La decisión del Ayuntamiento de Jonacatepec de suspender las fiestas decembrinas dejó más preguntas que certezas entre la población. Lejos de atender el origen del conflicto, la medida pareció un gesto reactivo que castiga a la comunidad tras una protesta motivada por un hecho grave que sigue sin resolverse con claridad.
La cancelación de la Caravana Navideña y del Baile de la Feria de la Cebolla ocurrió después de que habitantes se manifestaran por el atropellamiento de una menor por una patrulla municipal. La respuesta oficial se limitó a deslindar responsabilidades en un primer momento, lo que encendió el enojo social. Cuando el gobierno no escucha, la ciudadanía se manifiesta. Eso no es vandalismo gratuito, es una exigencia de justicia.
En lugar de reconocer el error institucional y asumir una ruta de diálogo real, el ayuntamiento optó por retirar permisos y suspender eventos públicos. Esa reacción no atiende la herida abierta, solo desplaza el problema y manda un mensaje de confrontación.
Jonacatepec responde con silencio y cancelaciones
El argumento de seguridad utilizado por el gobierno municipal no explica por qué la respuesta fue cancelar celebraciones y no transparentar el proceso contra el responsable. La protesta surgió tras la percepción de encubrimiento y falta de consecuencias.
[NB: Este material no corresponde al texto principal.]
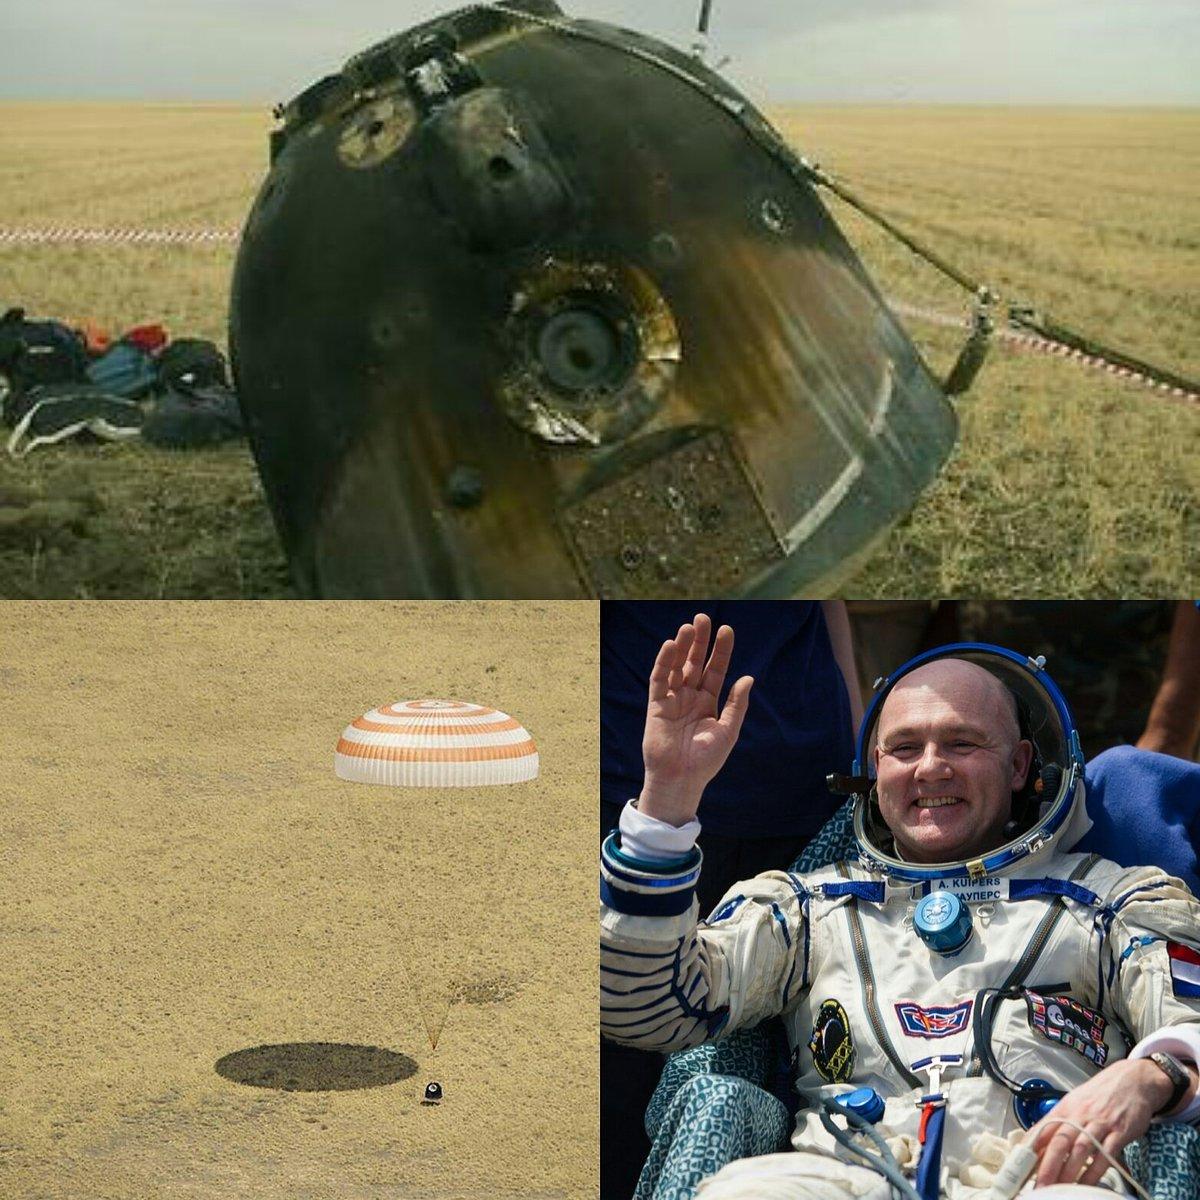 Min #Kamp, @astro_andre en #cosmonaut kononenko onthullen bij @Spaceexpo de SoyuzTMA-03M #capsule op 19 september. https://t.co/8HNL0ZQOiM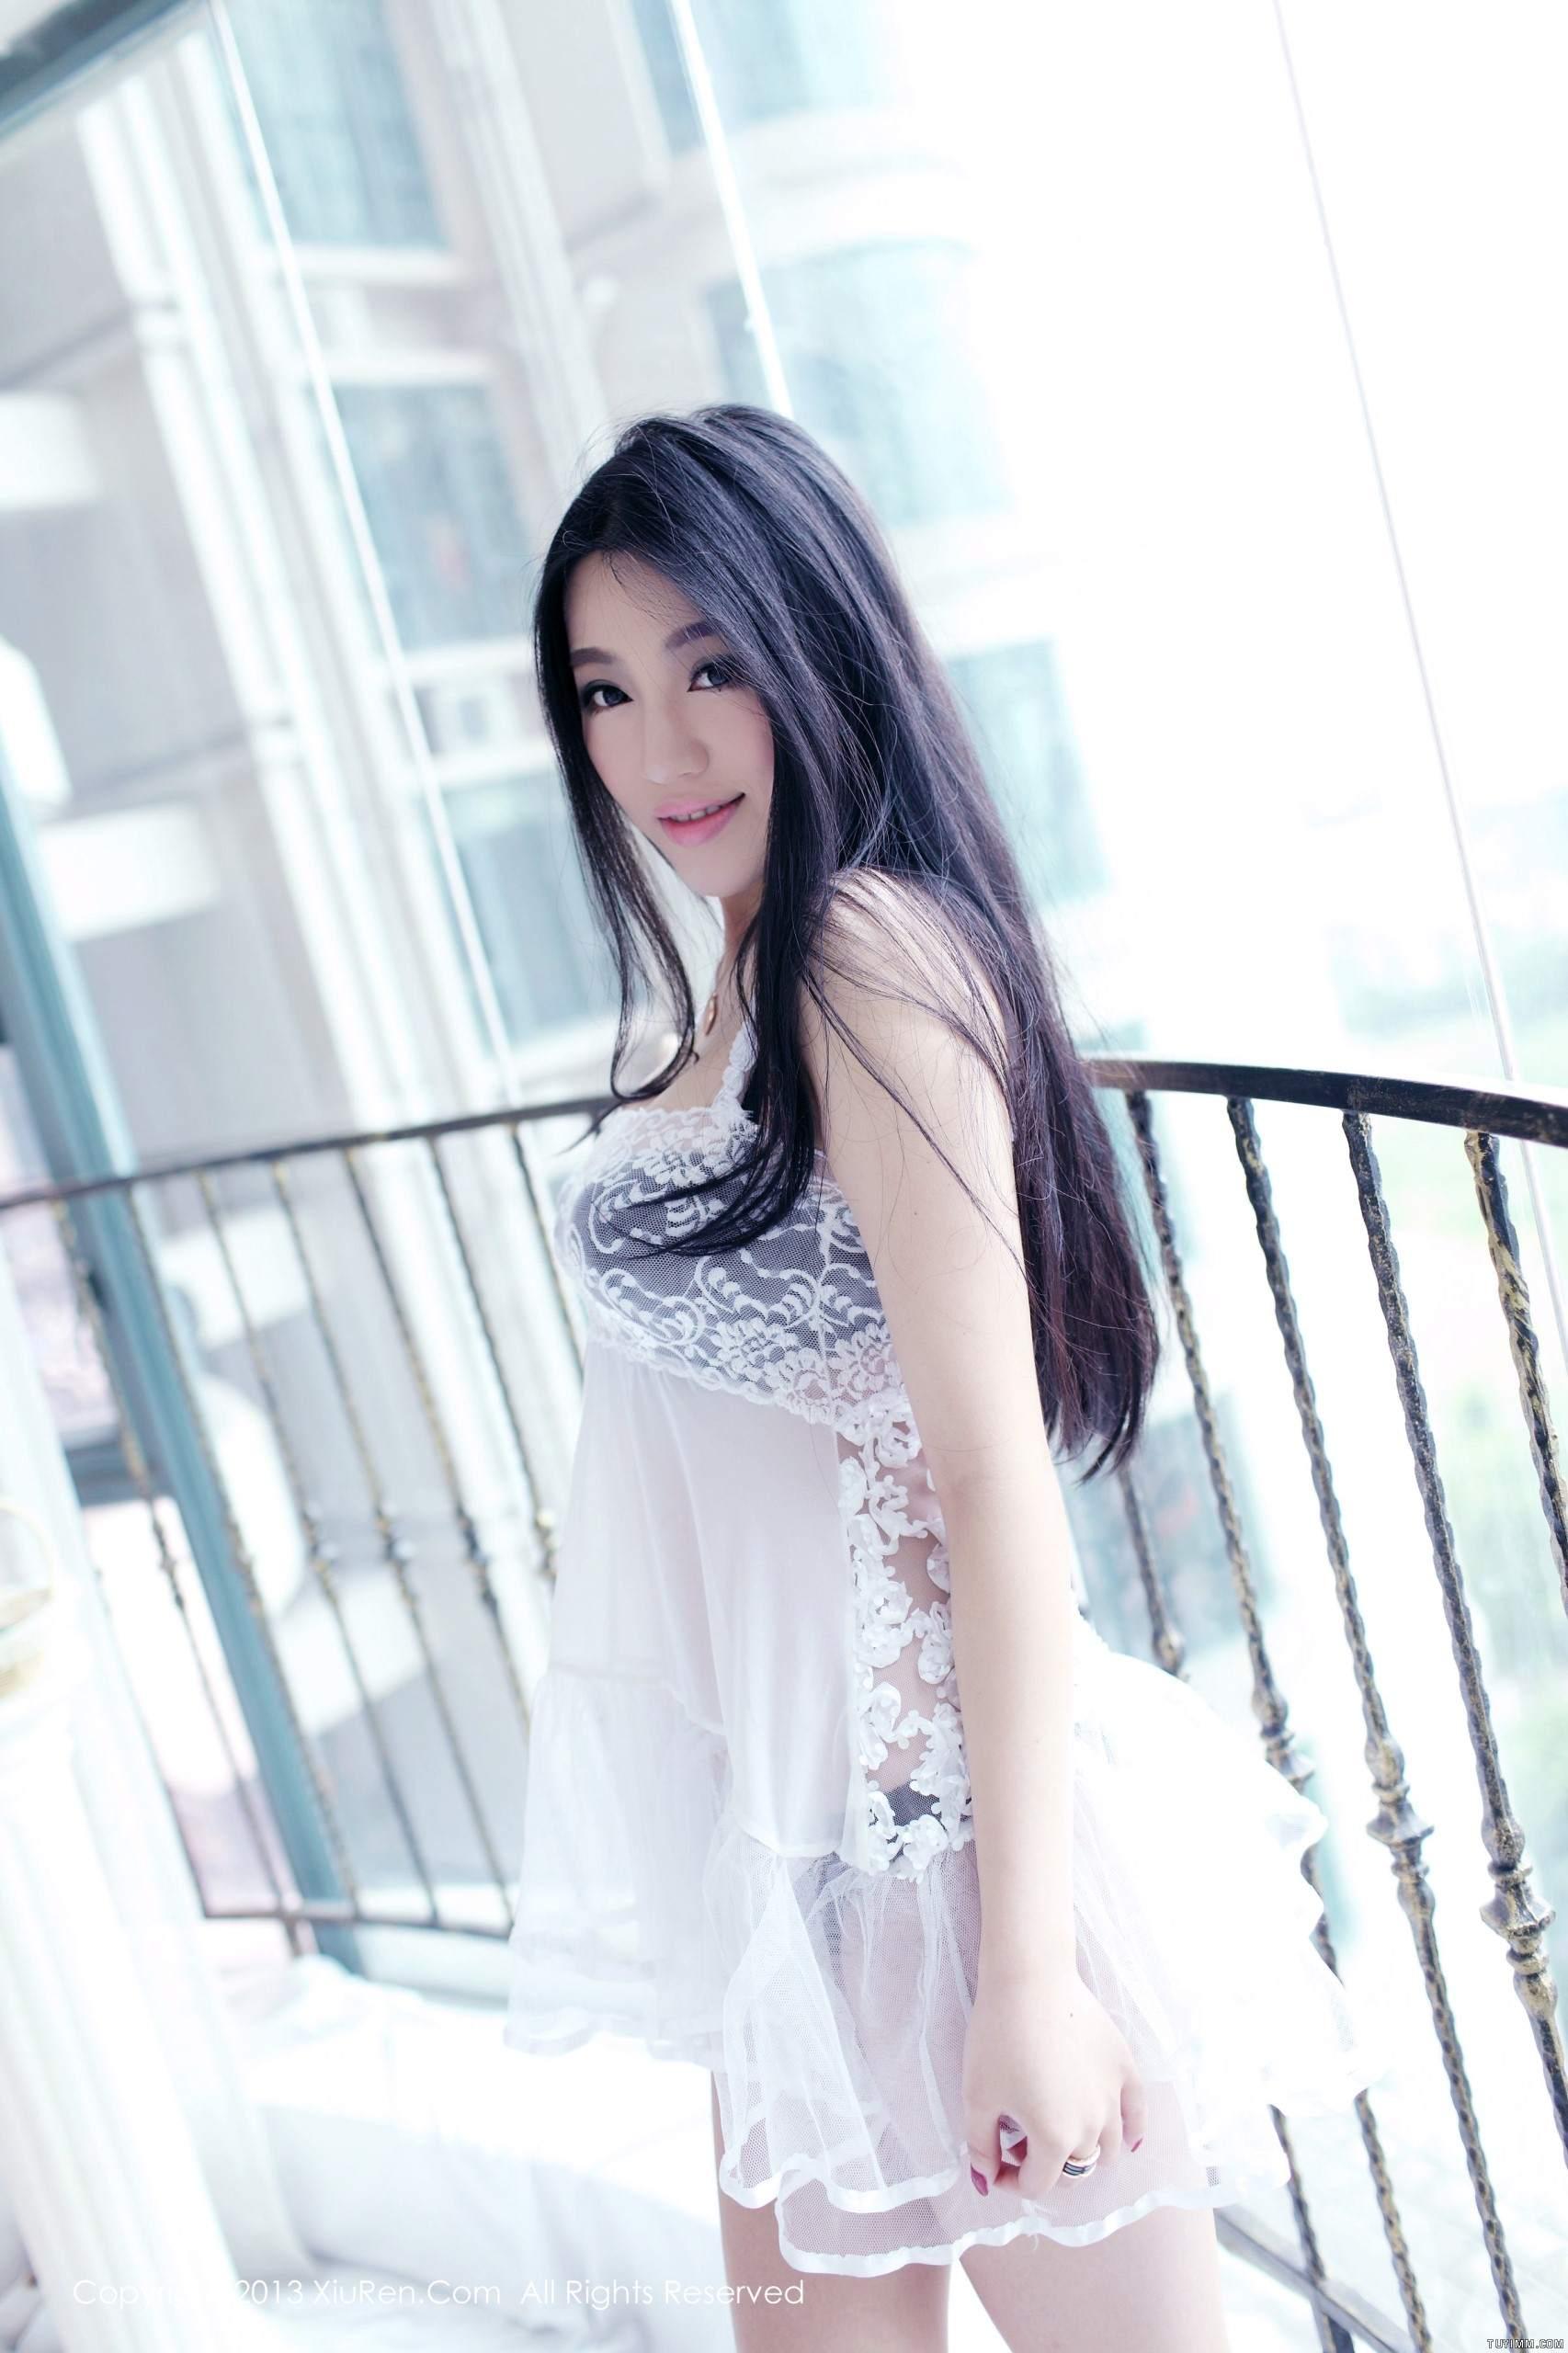 [福利]Tiffany_小梦的玖爱辅助网-第21张图片-哔哔娱乐网

Ante ese contexto, suspender fiestas luce más como un berrinche político que como una estrategia de gobernabilidad.
Las manifestaciones incluyeron la toma del palacio municipal y daños a infraestructura. Sin embargo, esos hechos ocurrieron después de que la autoridad minimizara el caso. La reacción oficial llegó tarde y enfocada en el control, no en la justicia.
El castigo no sustituye la rendición de cuentas
Cancelar eventos masivos no repara la desconfianza ni devuelve tranquilidad. Tampoco sustituye una investigación clara ni una postura firme frente a un abuso cometido desde una patrulla. La población no exigió fiestas, exigió respuestas.
Jonacatepec enfrenta ahora un problema mayor. En un municipio donde la violencia y la desconfianza institucional crecen, cerrar espacios comunitarios profundiza la fractura social y confirma que el gobierno eligió el castigo colectivo antes que la rendición de cuentas.